One key mechanism cancerous cells use to deceive our immune system is by overexpressing CD47, a signaling molecule which is widely regarded as a "don't eat me" message for the macrophages and other immune cells. Under normal physiological conditions, our healthy cells use this protein molecule routinely as a means of maintaining peace with an otherwise highly aggressive immune system. CD47 protein interacts with another important player in this process -- signal regulatory protein α (SIRPα), a membrane glycoprotein present on the surface of some immune cells (myeloid cells) -- leading to a negative control of the innate immune cells.

The knowledge about how cancer cells use CD47-SIRPα interaction to hide from the immune system opens doors for promising new strategies to cure cancer. The idea behind immunotherapy is to "remove the blindfold" from the immune cells and allow them to recognize and kill tumor cells, and one of the promising ways of achieving this goal is by inhibiting CD47 signaling in cancer cells and disrupting the very mechanism of escape from phagocytosis.
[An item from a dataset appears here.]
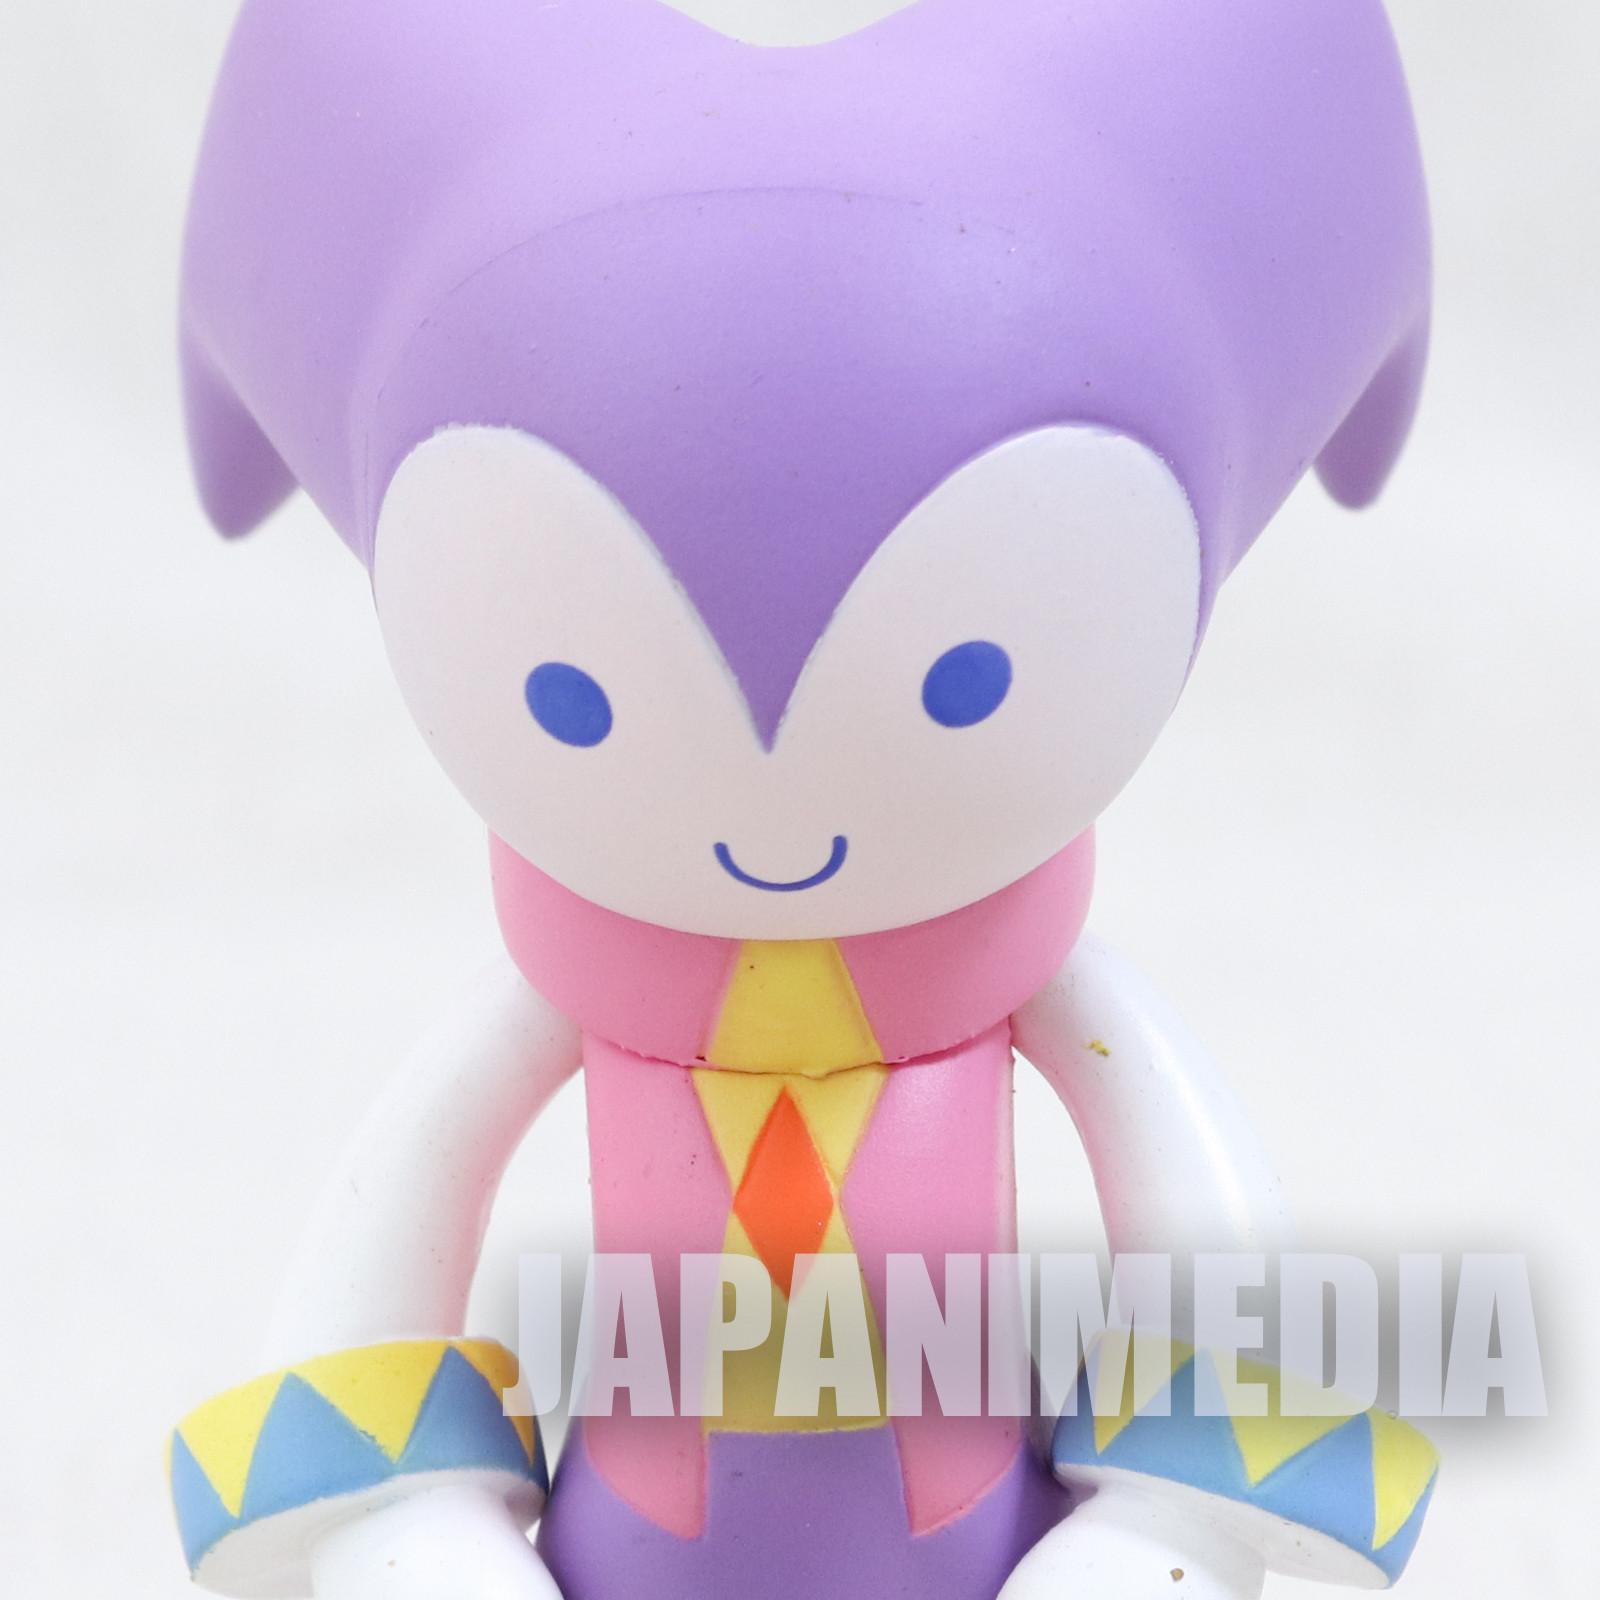 NiGHTS Jouney of Dreams PaPETCH : X001 Mini Figure SEGA Wii (No Box)

A number of companies and research groups have attempted to inhibit CD47 glycoprotein using anti-CD47 antibodies. The problem with this approach -- leading to discontinuation of several clinical trials in the past years -- is that CD47 signaling proteins are present not only on cancerous cells, but also ubiquitous among healthy cells, for instance, those of the hematopoietic system (normal red blood cells, senescent red blood cells, and platelets). This often leads to serious off-target effects, leading to anemia and other complications.

The so-called "antigen sink" effect could also pose a problem in the development of anti-CD47 antibody treatments. CD47 is expressed ubiquitously among malignant and healthy cells, meaning that large initiation doses and/or frequent administrations may be required for a drug to achieve an effective therapeutic effect. The alternative route is to therapeutically target SIRPα molecule, which is less distributed vs. CD47. SIRPα is highly expressed, however, on myeloid cells and central and peripheral nervous system cells, so the potential for neurological side-effects should be considered when using therapeutics that target SIRPα.

An alternative approach to stripping the cancerous cells of CD47-induced protection from attacks by the immune system has been the focus of our collaboration with Fosun Pharmaceuticals (stock code: 600196.SH, 02196.HK), a leading innovation-driven international healthcare group in China.

The preclinical candidate compound (PCC) has been nominated by our AI platform and R&D team in under 40 days since the collaboration announcement — what we believe an industry record for speed — and showed in vivo anti-tumor efficacy in both liquid and solid tumors. Meanwhile, the compound demonstrated favorable pharmacokinetics and ideal safety profiles in vivo preclinical studies, with auspicious value in further clinical development. Moreover, ISM004-1057D as a small molecule inhibitor of QPCTL could potentially provide not only high tumor penetration but also reduce hematologic side effects and avoid antigen sink, which is commonly seen upon treatment by most of the current CD47 antibodies owing to wide expression of CD47 beyond tumor cells.

The discovery has become possible due to our AI system PandaOmics, which was used to develop the target hypothesis in oncology. The other artificial intelligence component, Chemistry42, was used to generate compounds with good drug-like properties. After synthesizing and testing 71 compounds, we managed to deliver preclinical candidate compounds within 9 months from project initiation.

This new success of our AI platform comes as a continuation of a series of proof-of-concept milestones in various therapeutic areas – including Idiopathic Pulmonary Fibrosis and Kidney Fibrosis – for our internal programs. Having invested years of research and development into our cutting-edge AI platform, we are now reaping the rewards of a truly industrialized drug discovery process which is fast, cost efficient, and highly innovative.